1a3orn comments on Help keep AI under human control: Palisade Research 2026 fundraiser

1a3orn 20 Dec 2025 17:39 UTC
19 points
0
Thanks for engaging with me!

Let me address two of your claims:
According to me we are not steering towards research that “looks scary”, full stop. Many of our results will look scary, but that’s almost incidental.

....

We could be trying to show stuff about AI misinformation, or how terrorists could jailbreak the models to manufacture bioweapons, or whatever. But we’re mostly not interested in those, because they they’re not central steps of our stories for how an Agentic AI takeover could happen.

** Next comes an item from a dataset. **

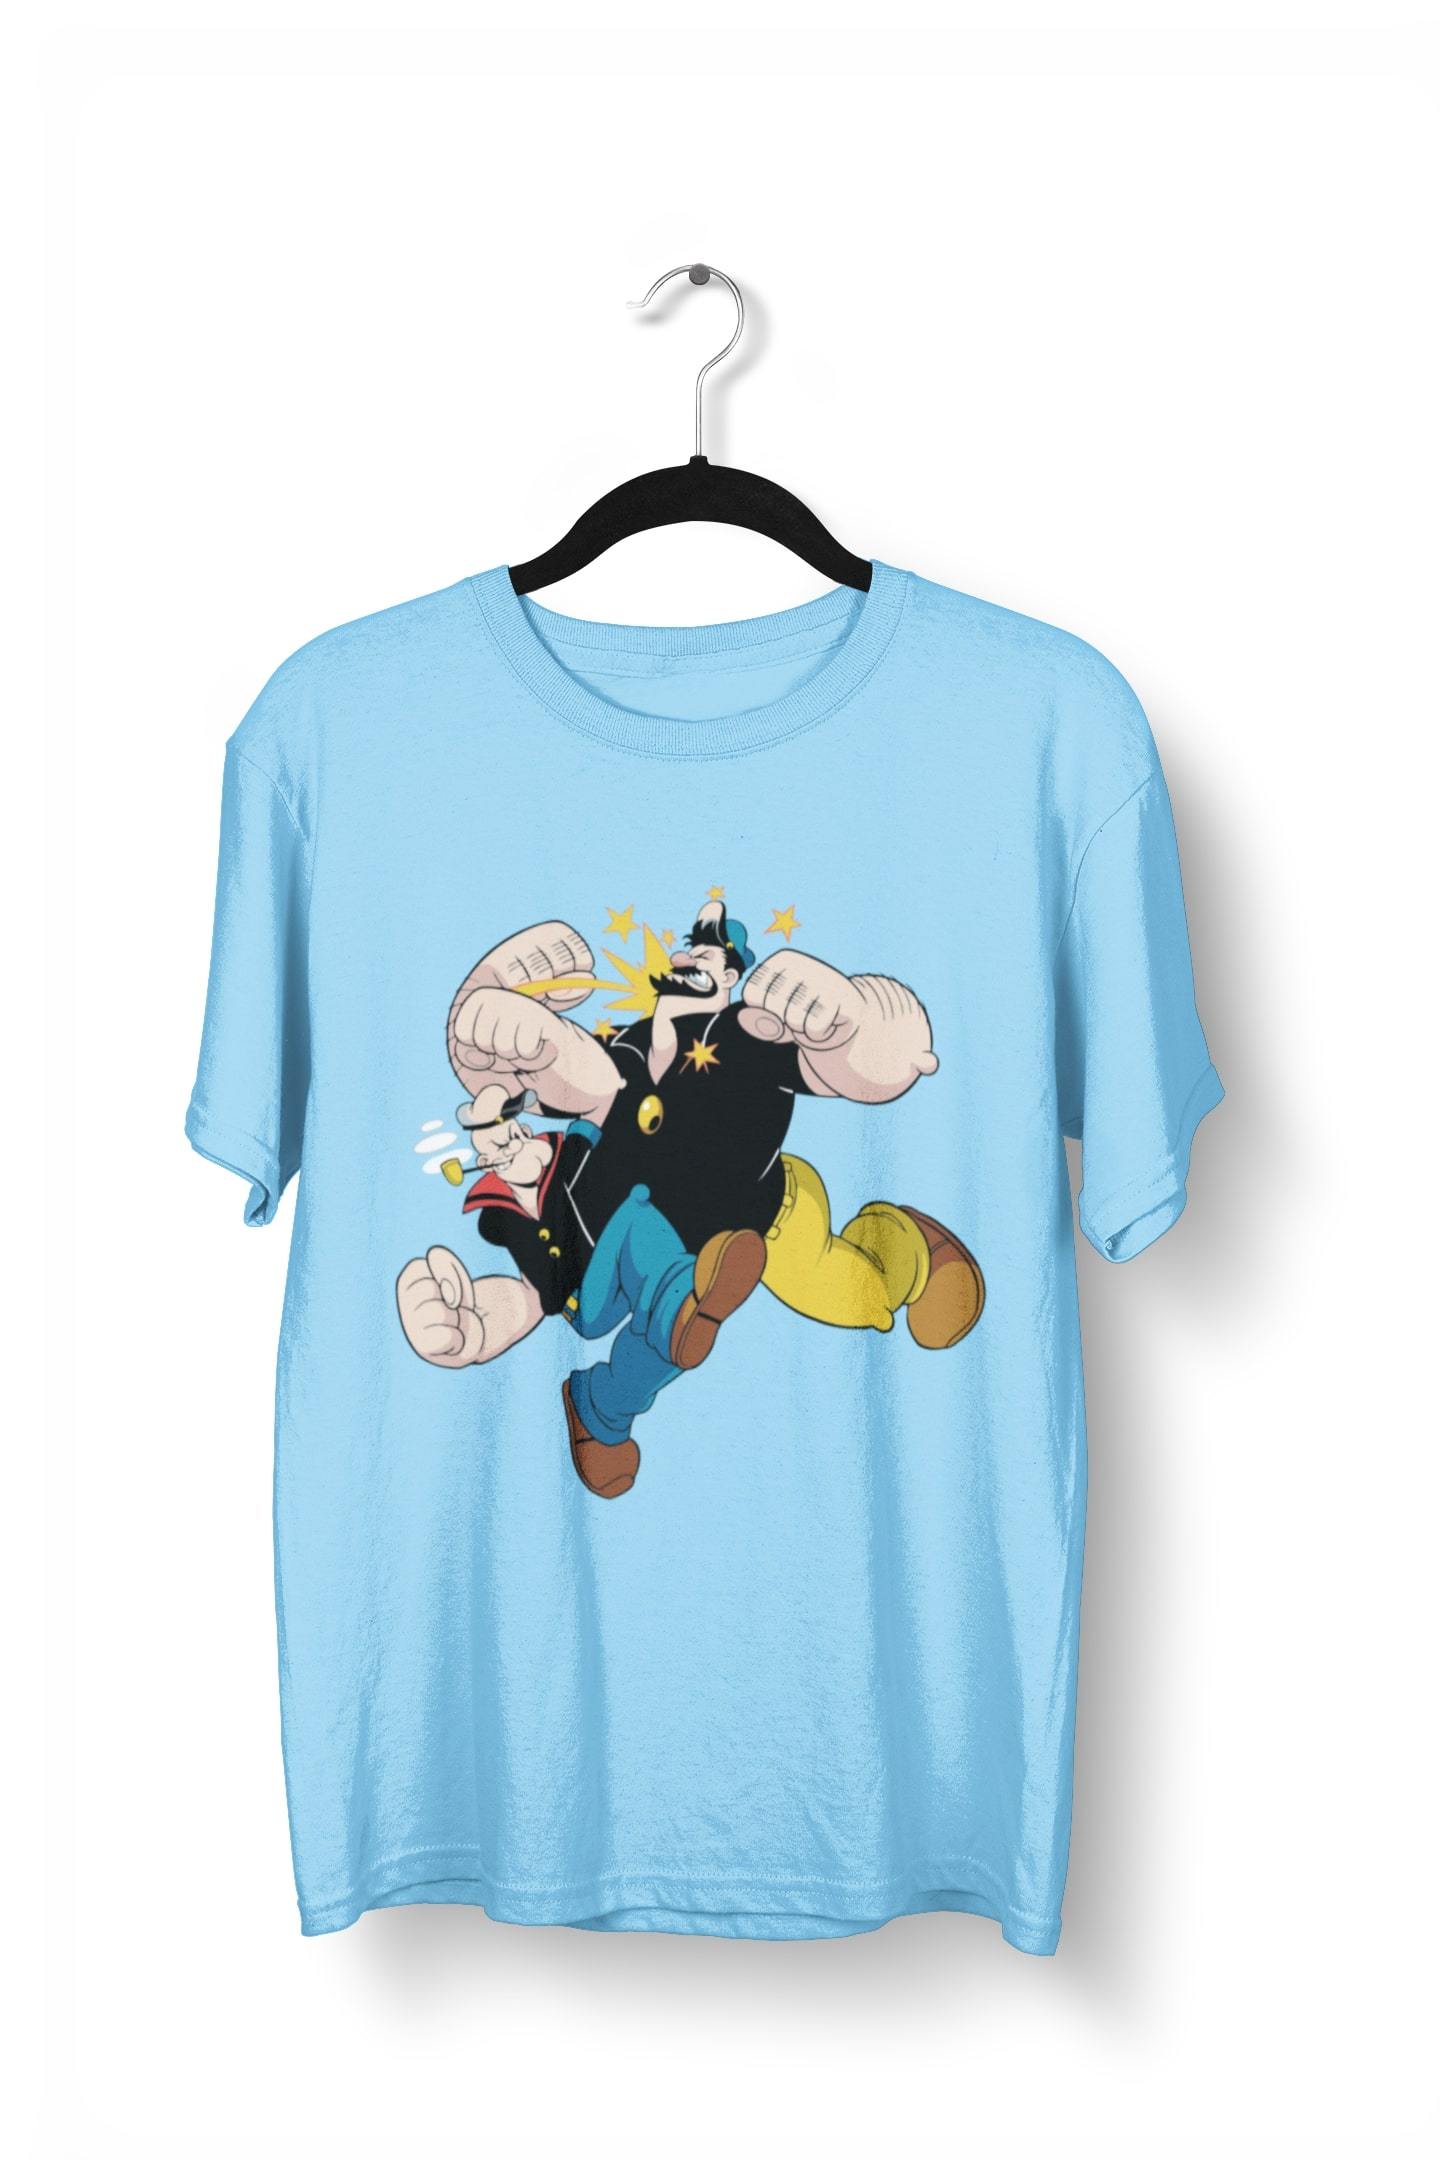 thelegalgang,Popeye Bluto T-Shirt for Men,.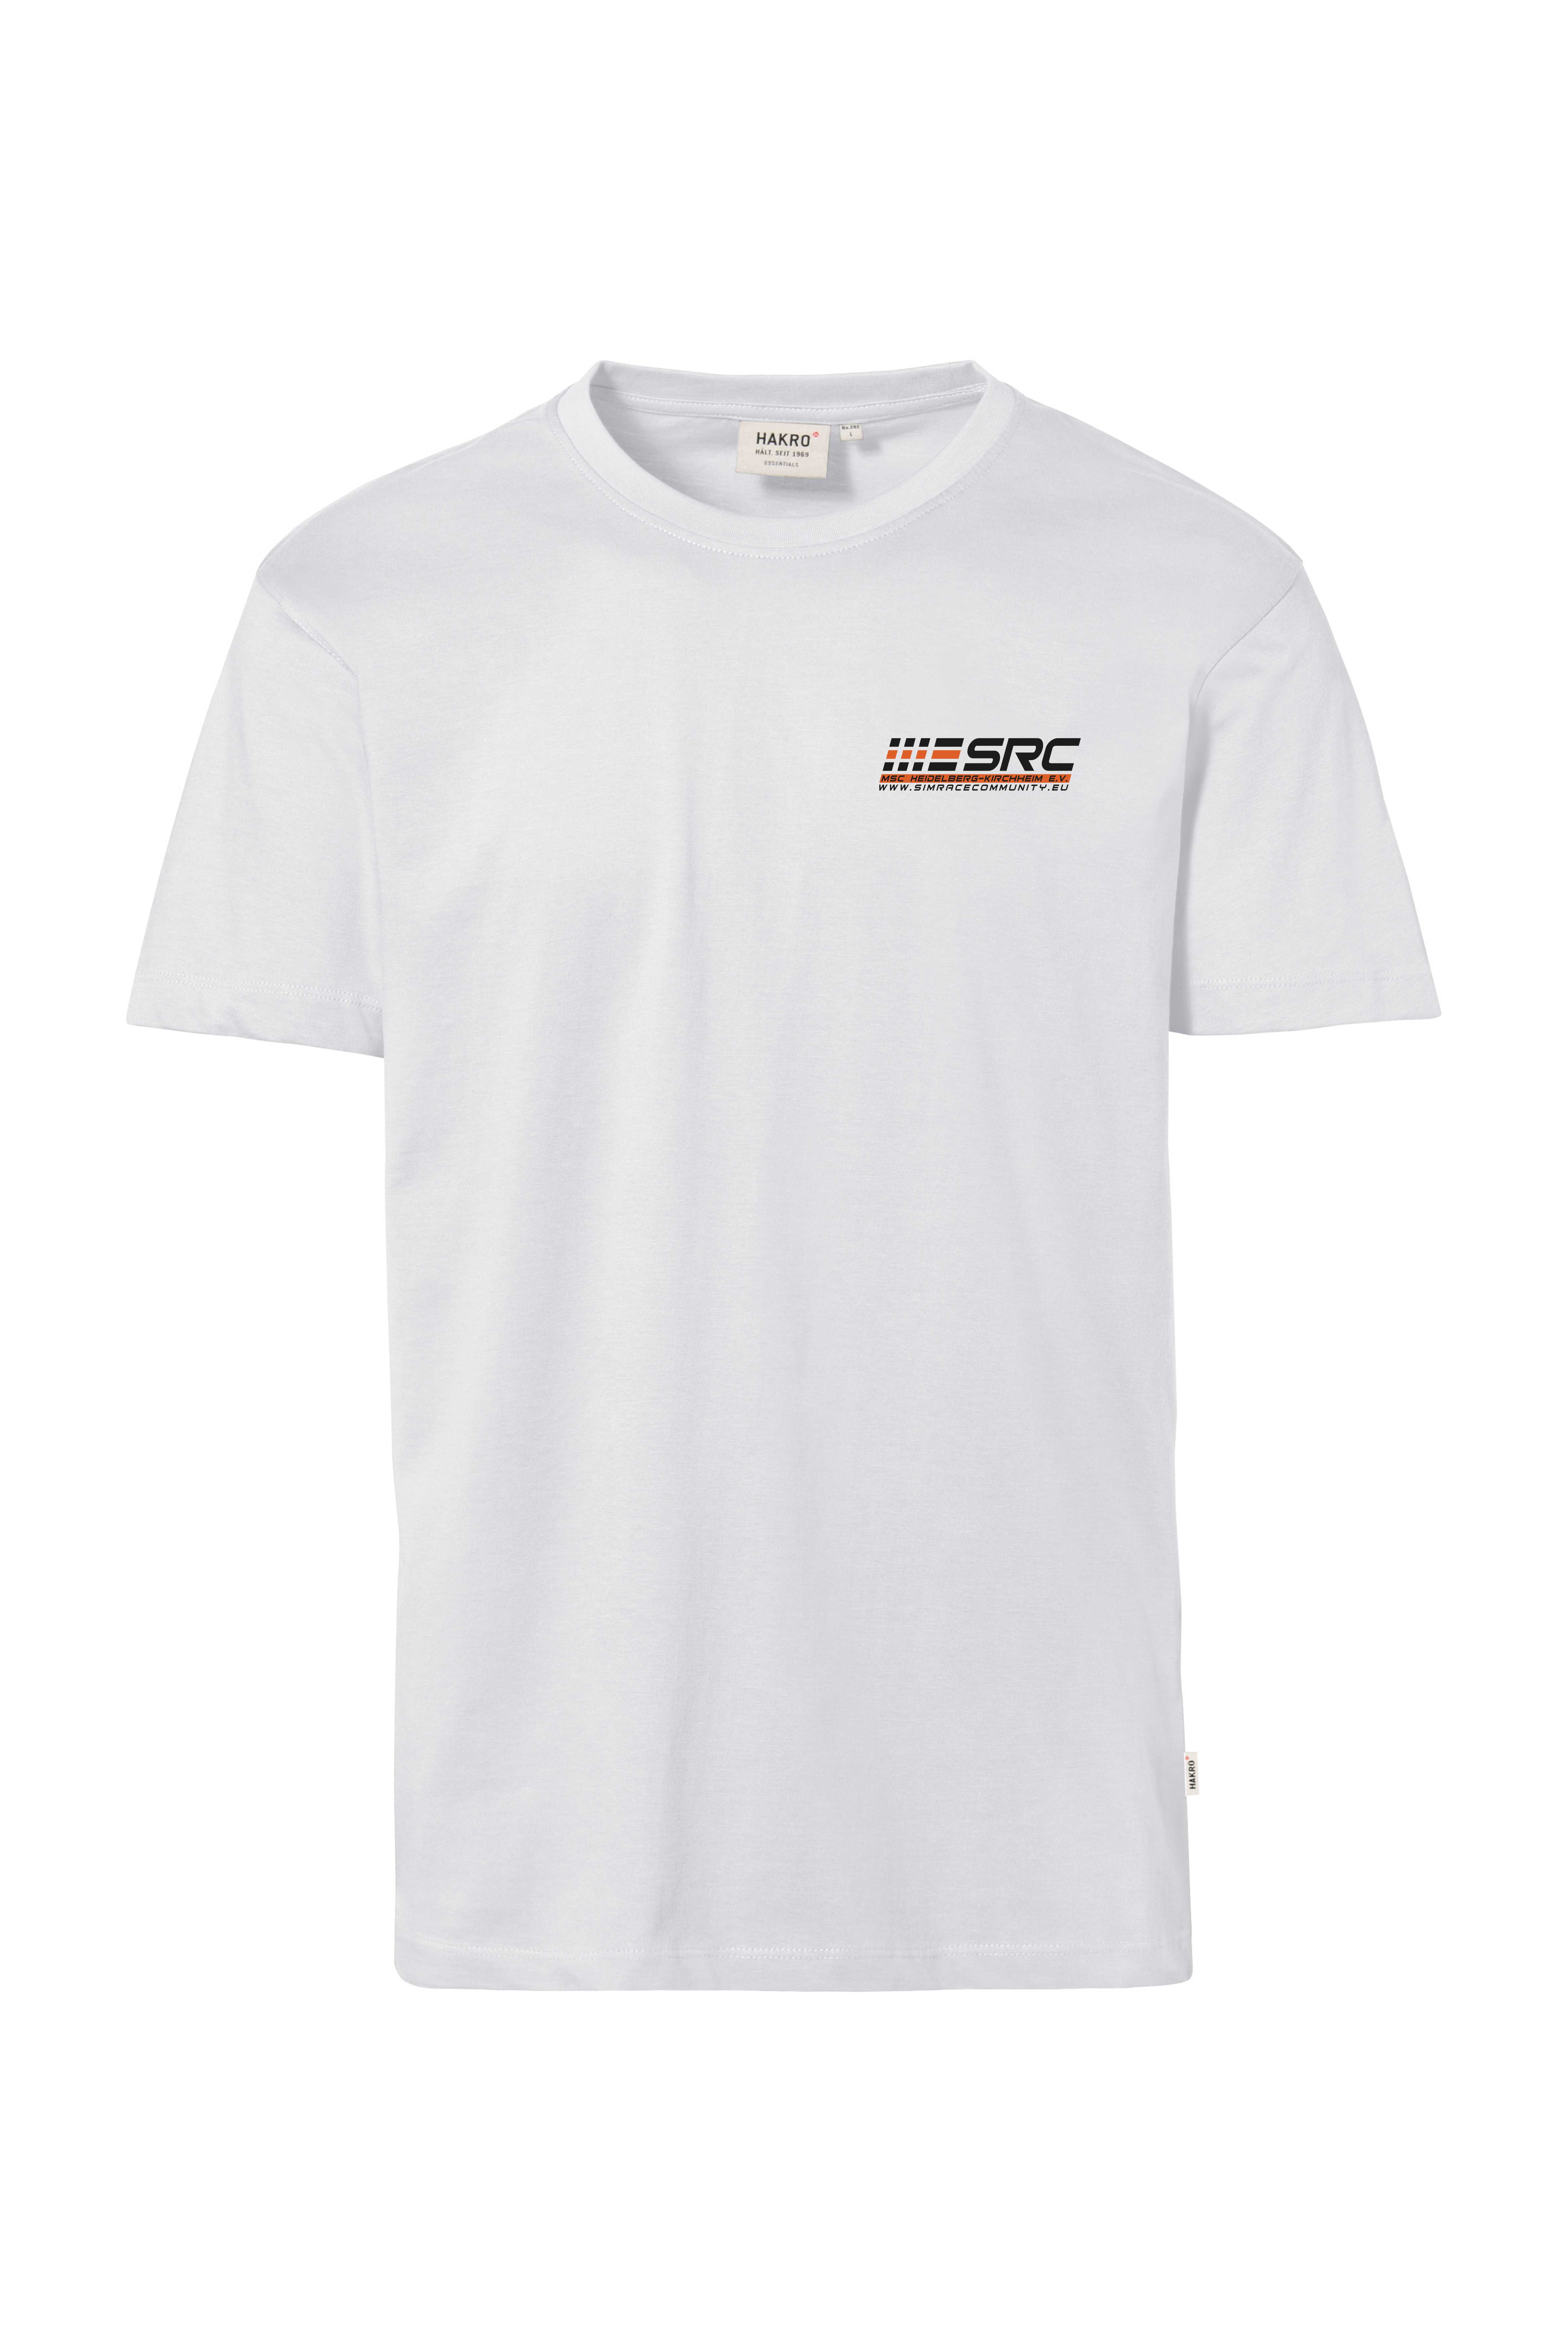 SRC T-Shirt Classic

So when I look at palisaderesearch.org from bottom to top, it looks like a bunch of stuff you published doesn’t have much at all to do with Agentic AI but does have to do with scary stories, including some of the stuff you exclude in this paragraph:

From bottom to top:
- Bad actors can finetune Llama 2 and weaponize Llama’s open weights
- Open weights models can have backdoors in them!
- Bad actors can finetune Llama 3, redux of the first
- “Automated deception is here”
- FoxVox, a Chrome extension that shows how AI could be used to manipulate you!
- (Palisades’ response to some gov request, I’ll ignore that.)
- An early honeypot for autonomous hacking (arguably kinda agentic AI relevant here)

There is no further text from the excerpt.